Soldiers are moved half-way around the world on a moment’s notice. All because of something one person said. That’s power.
When one person makes a comment or gives an order that results in others scurrying about to respond, that’s power.
Now think about creation.
As God announces his plans for each day, it happens. He doesn’t even need someone to do it. Once he says it – “Let there be light” – it happens. For six days, God spoke and the world we know was formed. He created our universe simply by saying he would.

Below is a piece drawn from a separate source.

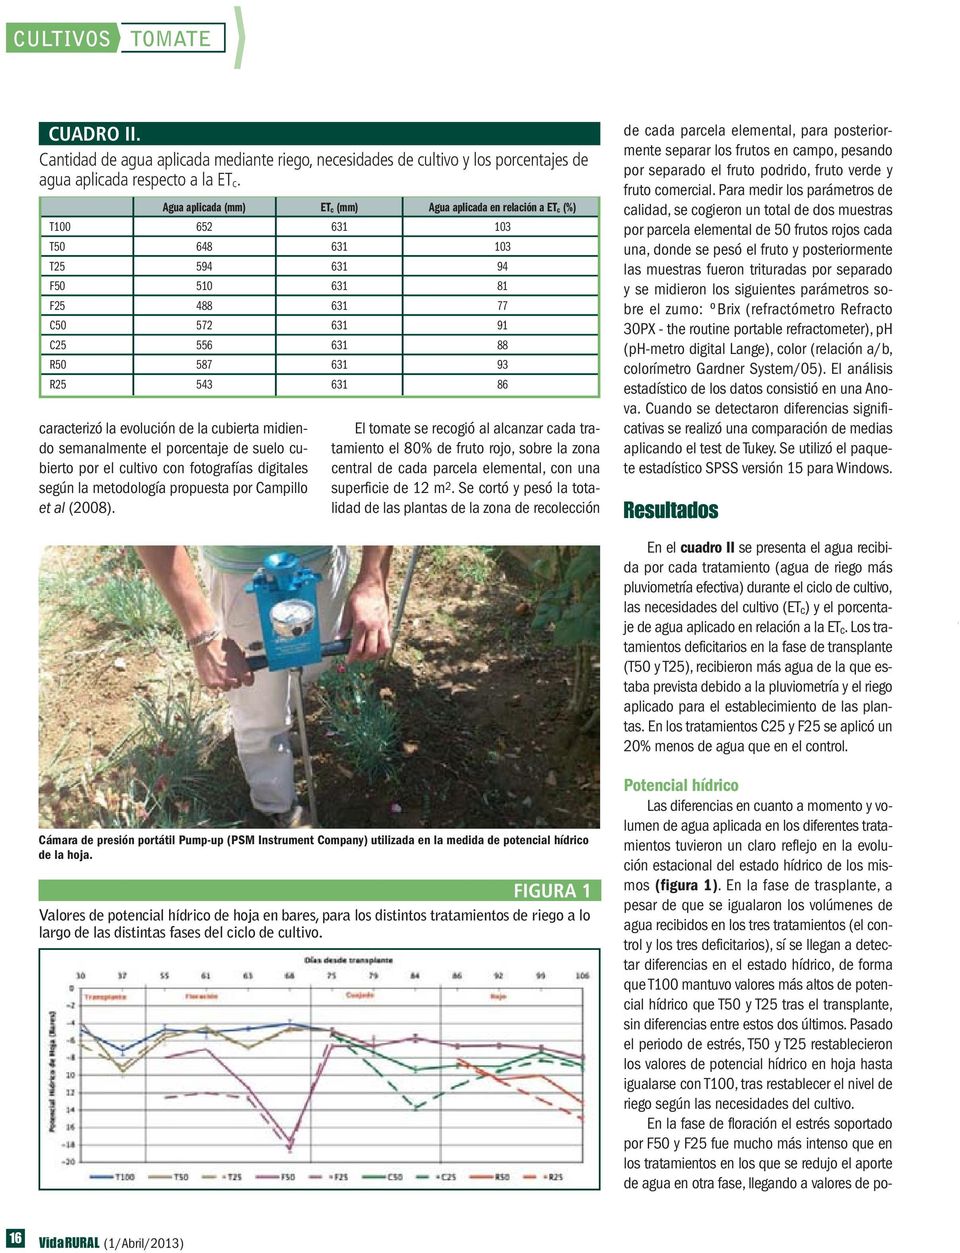 631 86 caracterizó la evolución de la cubierta midiendo semanalmente el porcentaje de suelo cubierto por el cultivo con fotografías digitales según la metodología propuesta por Campillo et al (2008).

As God goes about creating, he says what he will do each day, does it, evaluates it and reports on it. He says he will separate the light from darkness; it is immediately done; he calls it good and the day ends. The only exceptions are the second day when he creates the sky and the sixth day. All the other days he calls his work “good.” He doesn’t say anything the second day, but after the sixth day, he calls his creation of man “very good.”
Let’s really think about what it means that God called each part of his creation “good” or “very good.”

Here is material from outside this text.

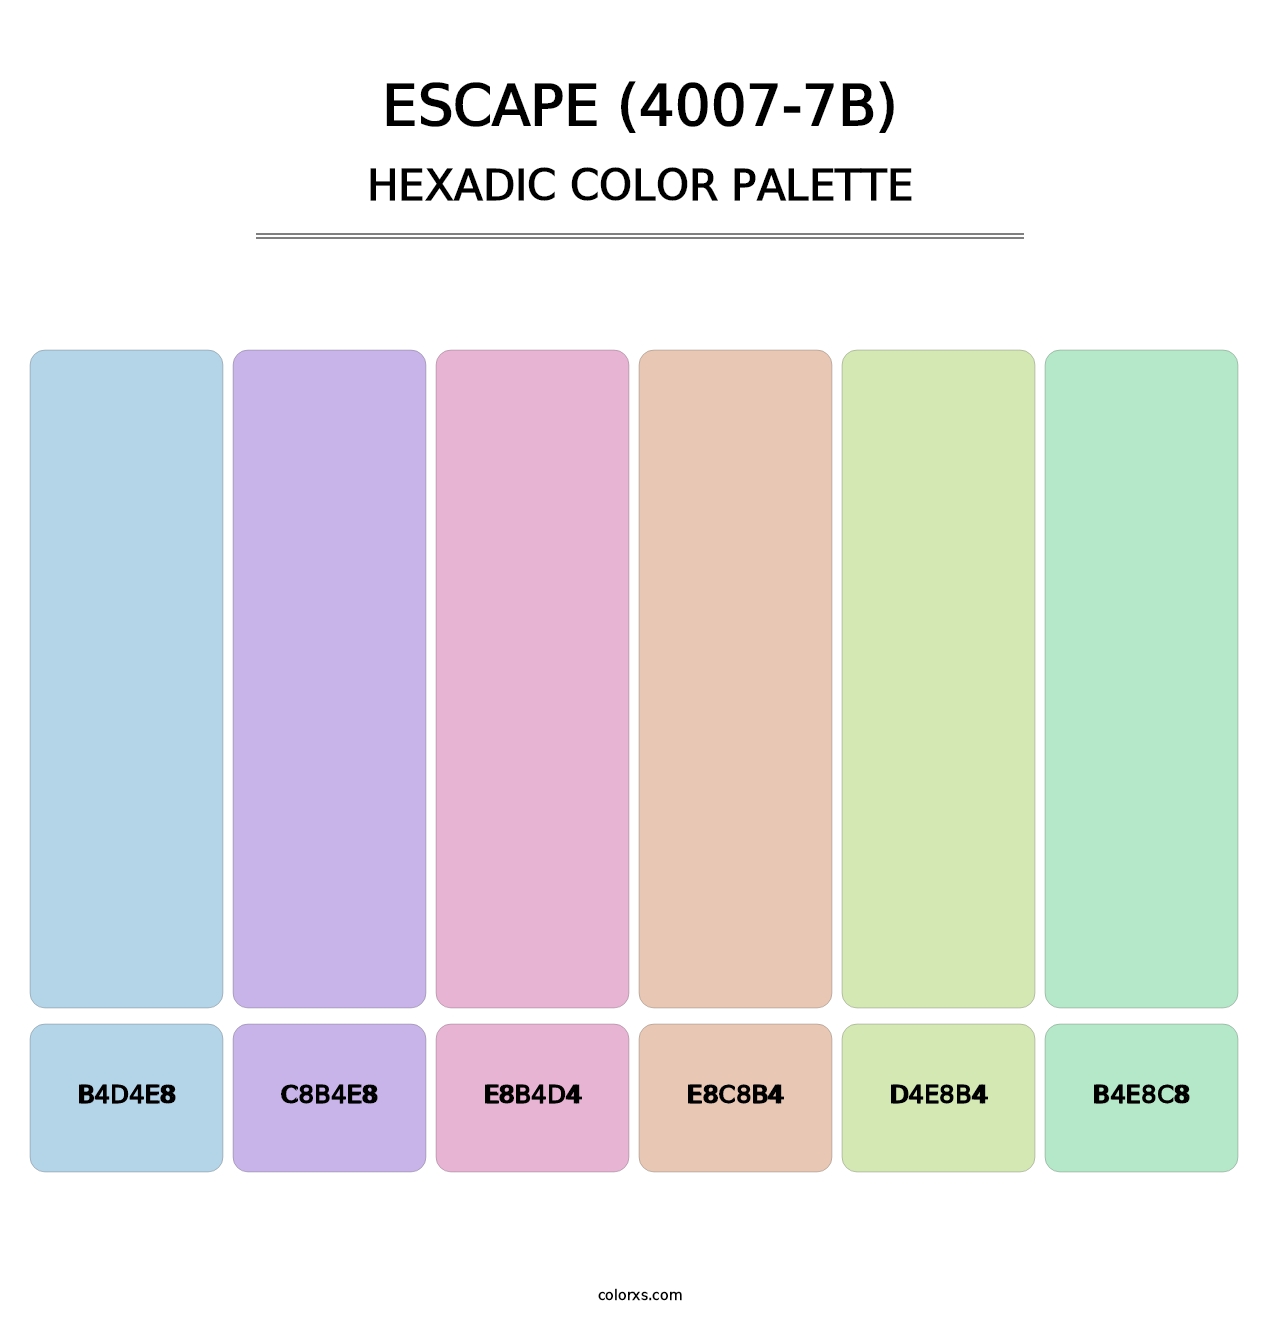 Escape (4007-7B) - Hexadic Color Palette

Have you ever thought of part of God’s creation as not good? What parts?
Consider this: If God created it and calls it good, how can it not be good?
It’s easy to take creation for granted. We’re so constantly surrounded by it we tend to not take time to enjoy and appreciate it. When mowing in 100-degree heat, grass doesn’t seem too dad-gum good. But walking barefoot over soft grass on a more comfortable day is good. Ducking under low-hanging limbs to get to some of that grass with the mower is a pain, but standing in the shade of that tree and enjoying a breeze is good.
How often do we stop and think of creation as a gift? Do we treat it as a gift or a right?
God Created Humankind
Purpose: To discover humanity’s mission as bearers of God’s image.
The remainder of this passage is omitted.